With the first line as the start and the line containing "View of the" as the end, write out every line of the records exactly.

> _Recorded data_
__________

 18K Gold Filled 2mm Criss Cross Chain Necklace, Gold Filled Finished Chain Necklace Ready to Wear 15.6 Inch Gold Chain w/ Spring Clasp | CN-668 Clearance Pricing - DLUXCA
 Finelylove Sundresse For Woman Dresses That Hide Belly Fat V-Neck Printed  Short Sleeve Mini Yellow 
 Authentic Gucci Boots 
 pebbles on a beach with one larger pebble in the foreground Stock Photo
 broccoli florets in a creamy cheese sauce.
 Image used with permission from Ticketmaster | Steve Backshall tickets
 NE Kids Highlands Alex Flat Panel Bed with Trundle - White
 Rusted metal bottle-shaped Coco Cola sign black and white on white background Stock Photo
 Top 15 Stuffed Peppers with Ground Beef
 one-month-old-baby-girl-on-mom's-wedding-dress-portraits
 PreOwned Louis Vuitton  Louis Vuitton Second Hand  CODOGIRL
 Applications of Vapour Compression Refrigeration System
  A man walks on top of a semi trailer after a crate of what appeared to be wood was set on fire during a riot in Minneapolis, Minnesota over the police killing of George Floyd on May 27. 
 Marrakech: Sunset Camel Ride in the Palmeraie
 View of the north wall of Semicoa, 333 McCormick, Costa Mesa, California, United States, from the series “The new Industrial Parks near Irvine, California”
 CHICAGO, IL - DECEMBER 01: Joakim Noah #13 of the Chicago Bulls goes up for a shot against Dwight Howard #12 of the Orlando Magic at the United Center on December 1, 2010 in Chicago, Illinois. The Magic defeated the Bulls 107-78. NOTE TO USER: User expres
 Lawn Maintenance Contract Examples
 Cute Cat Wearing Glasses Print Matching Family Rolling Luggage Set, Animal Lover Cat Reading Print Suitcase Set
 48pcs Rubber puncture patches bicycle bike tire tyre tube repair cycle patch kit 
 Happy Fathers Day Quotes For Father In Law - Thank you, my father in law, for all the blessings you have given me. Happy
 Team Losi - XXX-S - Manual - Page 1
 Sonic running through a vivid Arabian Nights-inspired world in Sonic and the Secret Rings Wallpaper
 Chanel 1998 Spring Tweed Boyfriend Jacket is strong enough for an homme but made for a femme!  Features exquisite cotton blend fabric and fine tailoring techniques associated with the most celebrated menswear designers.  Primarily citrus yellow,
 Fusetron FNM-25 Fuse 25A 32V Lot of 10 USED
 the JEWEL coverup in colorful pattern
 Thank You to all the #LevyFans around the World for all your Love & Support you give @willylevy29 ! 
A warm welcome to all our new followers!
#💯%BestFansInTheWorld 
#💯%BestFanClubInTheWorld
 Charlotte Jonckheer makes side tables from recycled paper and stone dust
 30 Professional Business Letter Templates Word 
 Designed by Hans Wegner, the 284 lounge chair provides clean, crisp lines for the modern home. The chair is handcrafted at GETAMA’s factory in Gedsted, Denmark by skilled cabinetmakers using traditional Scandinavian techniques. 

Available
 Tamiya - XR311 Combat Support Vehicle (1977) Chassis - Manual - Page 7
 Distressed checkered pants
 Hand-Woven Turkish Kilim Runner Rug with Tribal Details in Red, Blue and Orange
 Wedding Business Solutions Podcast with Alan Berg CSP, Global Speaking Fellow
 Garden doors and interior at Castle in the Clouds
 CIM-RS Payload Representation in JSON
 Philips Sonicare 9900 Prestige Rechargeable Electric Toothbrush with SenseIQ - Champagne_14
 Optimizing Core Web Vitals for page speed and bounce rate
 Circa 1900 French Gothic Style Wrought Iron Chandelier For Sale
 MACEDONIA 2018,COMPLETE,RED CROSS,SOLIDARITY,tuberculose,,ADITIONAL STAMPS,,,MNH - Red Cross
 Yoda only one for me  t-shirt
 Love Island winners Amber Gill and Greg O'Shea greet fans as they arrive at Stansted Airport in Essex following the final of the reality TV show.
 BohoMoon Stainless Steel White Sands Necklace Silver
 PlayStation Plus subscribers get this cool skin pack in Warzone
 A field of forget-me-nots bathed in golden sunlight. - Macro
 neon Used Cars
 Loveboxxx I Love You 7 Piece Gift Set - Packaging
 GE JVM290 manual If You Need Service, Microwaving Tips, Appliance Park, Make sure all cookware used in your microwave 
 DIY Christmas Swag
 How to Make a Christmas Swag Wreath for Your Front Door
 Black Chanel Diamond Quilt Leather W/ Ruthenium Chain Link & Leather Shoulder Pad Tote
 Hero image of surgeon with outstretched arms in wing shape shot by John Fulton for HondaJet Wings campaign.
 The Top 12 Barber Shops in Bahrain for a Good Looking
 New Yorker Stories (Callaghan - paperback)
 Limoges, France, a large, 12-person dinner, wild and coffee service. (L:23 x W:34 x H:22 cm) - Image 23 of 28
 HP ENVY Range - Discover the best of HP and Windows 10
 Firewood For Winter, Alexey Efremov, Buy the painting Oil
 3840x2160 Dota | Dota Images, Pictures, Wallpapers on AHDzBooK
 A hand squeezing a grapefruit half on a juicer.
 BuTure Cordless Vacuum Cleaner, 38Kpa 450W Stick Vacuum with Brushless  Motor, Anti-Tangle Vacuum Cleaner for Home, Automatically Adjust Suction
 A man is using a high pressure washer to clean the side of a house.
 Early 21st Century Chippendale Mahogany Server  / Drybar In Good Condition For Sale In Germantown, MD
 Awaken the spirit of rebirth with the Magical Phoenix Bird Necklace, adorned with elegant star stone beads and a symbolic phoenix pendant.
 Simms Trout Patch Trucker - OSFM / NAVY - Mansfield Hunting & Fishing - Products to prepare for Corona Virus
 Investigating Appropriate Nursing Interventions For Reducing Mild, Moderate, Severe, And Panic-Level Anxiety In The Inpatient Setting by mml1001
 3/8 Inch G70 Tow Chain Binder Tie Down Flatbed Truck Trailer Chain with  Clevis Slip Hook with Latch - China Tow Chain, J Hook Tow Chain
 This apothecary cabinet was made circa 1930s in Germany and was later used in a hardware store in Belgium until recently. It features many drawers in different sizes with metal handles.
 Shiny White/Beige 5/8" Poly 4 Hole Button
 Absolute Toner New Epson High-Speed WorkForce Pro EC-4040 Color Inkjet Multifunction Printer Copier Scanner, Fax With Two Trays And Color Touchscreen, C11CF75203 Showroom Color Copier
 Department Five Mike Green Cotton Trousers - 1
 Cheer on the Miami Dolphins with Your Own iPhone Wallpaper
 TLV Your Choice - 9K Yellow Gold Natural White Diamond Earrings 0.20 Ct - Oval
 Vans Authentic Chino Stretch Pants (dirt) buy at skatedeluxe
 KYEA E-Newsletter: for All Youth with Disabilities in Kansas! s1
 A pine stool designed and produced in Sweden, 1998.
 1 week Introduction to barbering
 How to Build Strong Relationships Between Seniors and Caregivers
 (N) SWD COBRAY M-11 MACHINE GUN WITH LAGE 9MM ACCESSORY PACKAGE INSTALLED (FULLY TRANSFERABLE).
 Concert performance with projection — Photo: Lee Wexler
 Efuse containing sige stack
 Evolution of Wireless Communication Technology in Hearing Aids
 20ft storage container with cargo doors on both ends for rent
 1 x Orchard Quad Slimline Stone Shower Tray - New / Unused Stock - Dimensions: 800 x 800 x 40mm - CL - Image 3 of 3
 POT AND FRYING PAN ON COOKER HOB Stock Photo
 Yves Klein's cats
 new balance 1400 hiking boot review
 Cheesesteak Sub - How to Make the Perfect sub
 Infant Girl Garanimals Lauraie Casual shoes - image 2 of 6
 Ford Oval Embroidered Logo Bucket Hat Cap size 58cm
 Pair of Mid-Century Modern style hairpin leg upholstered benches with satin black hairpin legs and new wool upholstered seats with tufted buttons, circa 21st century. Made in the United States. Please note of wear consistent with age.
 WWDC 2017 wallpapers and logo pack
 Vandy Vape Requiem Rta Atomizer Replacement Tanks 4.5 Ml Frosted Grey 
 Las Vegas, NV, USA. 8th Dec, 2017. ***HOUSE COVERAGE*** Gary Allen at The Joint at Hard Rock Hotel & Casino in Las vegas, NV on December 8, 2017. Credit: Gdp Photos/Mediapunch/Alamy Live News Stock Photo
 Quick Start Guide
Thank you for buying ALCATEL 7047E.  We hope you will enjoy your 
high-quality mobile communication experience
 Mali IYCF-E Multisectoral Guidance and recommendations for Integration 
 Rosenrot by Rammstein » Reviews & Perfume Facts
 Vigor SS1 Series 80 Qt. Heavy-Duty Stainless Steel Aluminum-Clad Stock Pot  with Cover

__________

> _TASK RESPONSE_
 18K Gold Filled 2mm Criss Cross Chain Necklace, Gold Filled Finished Chain Necklace Ready to Wear 15.6 Inch Gold Chain w/ Spring Clasp | CN-668 Clearance Pricing - DLUXCA
 Finelylove Sundresse For Woman Dresses That Hide Belly Fat V-Neck Printed  Short Sleeve Mini Yellow 
 Authentic Gucci Boots 
 pebbles on a beach with one larger pebble in the foreground Stock Photo
 broccoli florets in a creamy cheese sauce.
 Image used with permission from Ticketmaster | Steve Backshall tickets
 NE Kids Highlands Alex Flat Panel Bed with Trundle - White
 Rusted metal bottle-shaped Coco Cola sign black and white on white background Stock Photo
 Top 15 Stuffed Peppers with Ground Beef
 one-month-old-baby-girl-on-mom's-wedding-dress-portraits
 PreOwned Louis Vuitton  Louis Vuitton Second Hand  CODOGIRL
 Applications of Vapour Compression Refrigeration System
  A man walks on top of a semi trailer after a crate of what appeared to be wood was set on fire during a riot in Minneapolis, Minnesota over the police killing of George Floyd on May 27. 
 Marrakech: Sunset Camel Ride in the Palmeraie
 View of the north wall of Semicoa, 333 McCormick, Costa Mesa, California, United States, from the series “The new Industrial Parks near Irvine, California”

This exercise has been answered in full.